Now its getting late, and I am a bit tired of rambling, but I have a few more things to say. To all the people reading this, normally healthy or not, please do everything you can to live by example and make healthy decisions for you and the future of our people. Hell, if anything, do it for your kids, your grandkids. We can only change as a group.
Every day since I was 16, I have had to take between 6-10 pills just to keep myself in some semblance of well being. I still feel awful much of the time. Like many Crohn’s patients, I wear a smile that has been perfected to hide the pain I feel oh so often. Still, that is not the worst thing. What is truly disheartening is that with the rate society is going, my plight could become that of the majority. That my friends, is the hardest pill to swallow.

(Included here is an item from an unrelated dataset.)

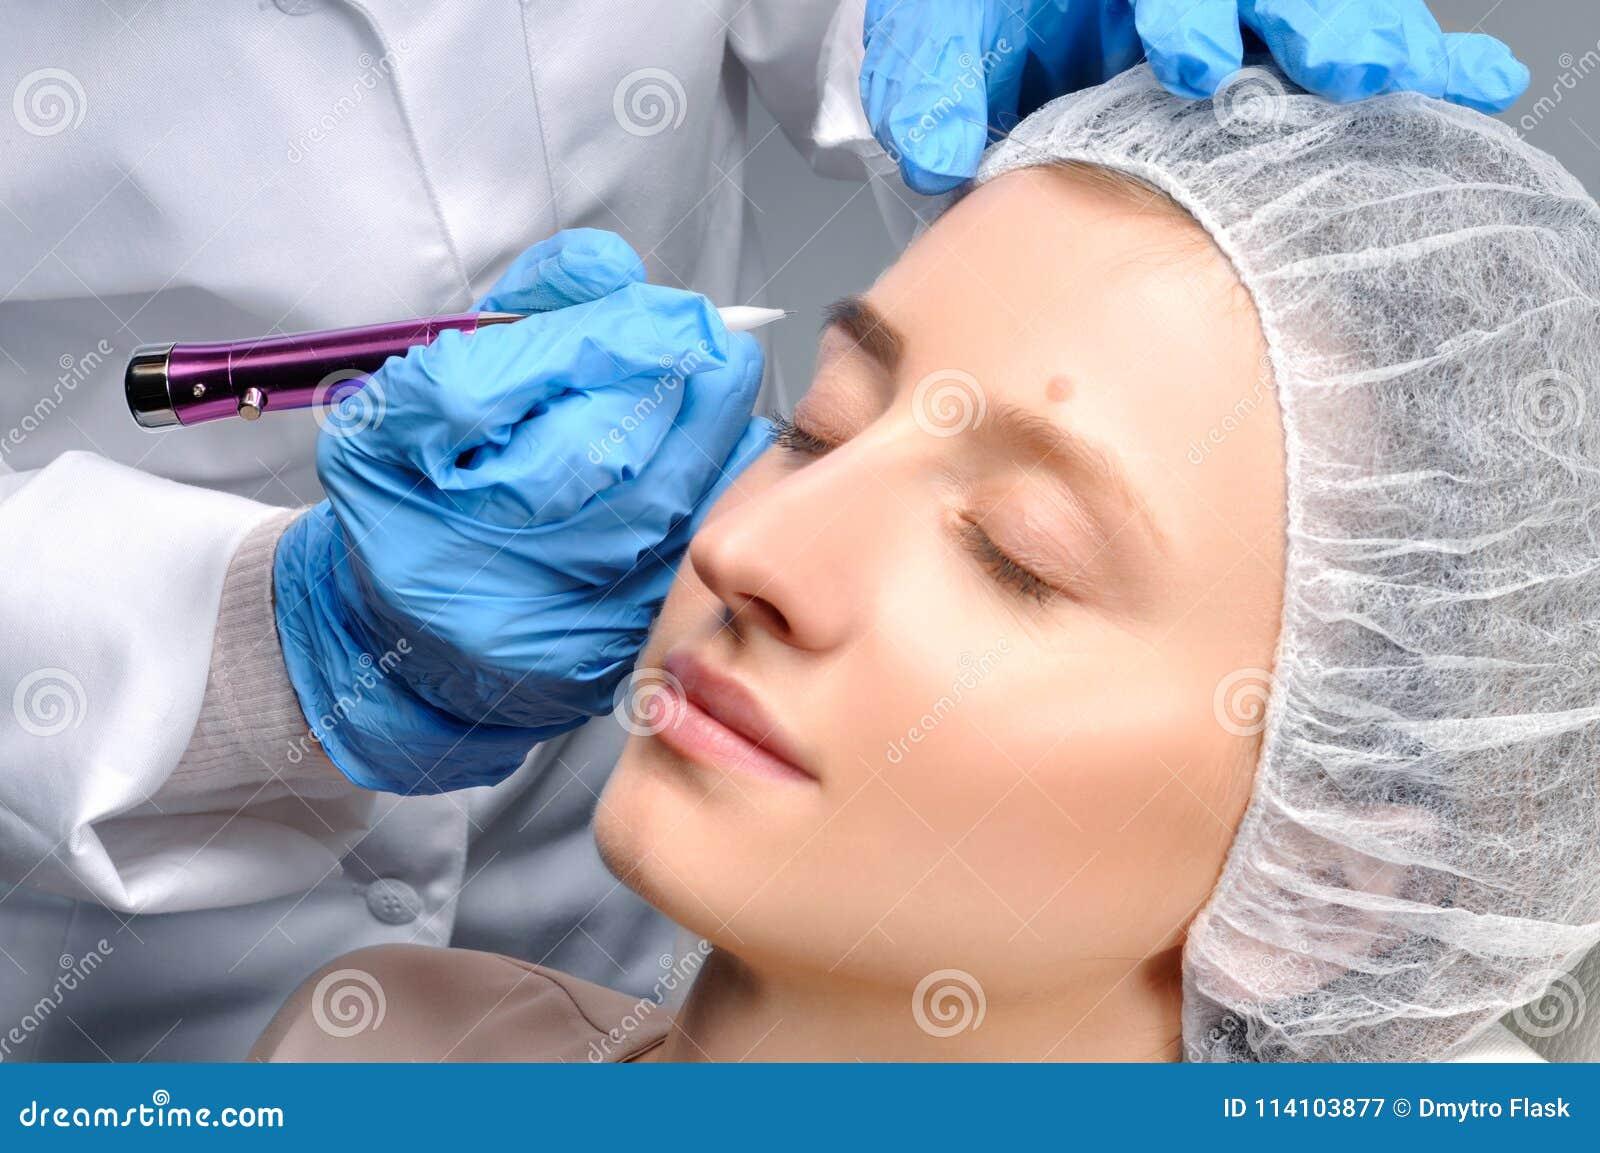 Microblading cosmetologist makeup που κάνει μόνιμο Ελκυστική γυναίκα που παίρνει τα του προσώπου φρύδια προσοχής και δερματοστιξι

And to all my fellow IBDers who made themselves #IBDvisible this week, and to all who suffer from autoimmune conditions:
Never give up. Get angry, but don’t give in to it. Use it. Be angry about what has happened to you and fight every single god damned day to make a difference. Fight to make sure no one HAS to ever understand how you feel. Fight because you feel that wretched growl in your bowel and you want to shut it up. Get up every day and dig through the blood, the crud, the pain and the shame and come out the other side a stronger person. You are not broken. You are not worse than anyone else. You are visbible.
This was very enlightening, Chase. I never really had a grasp of what you dealt with on a daily basis. Your explanation helps me appreciate your efforts that much more. Keep fighting brother.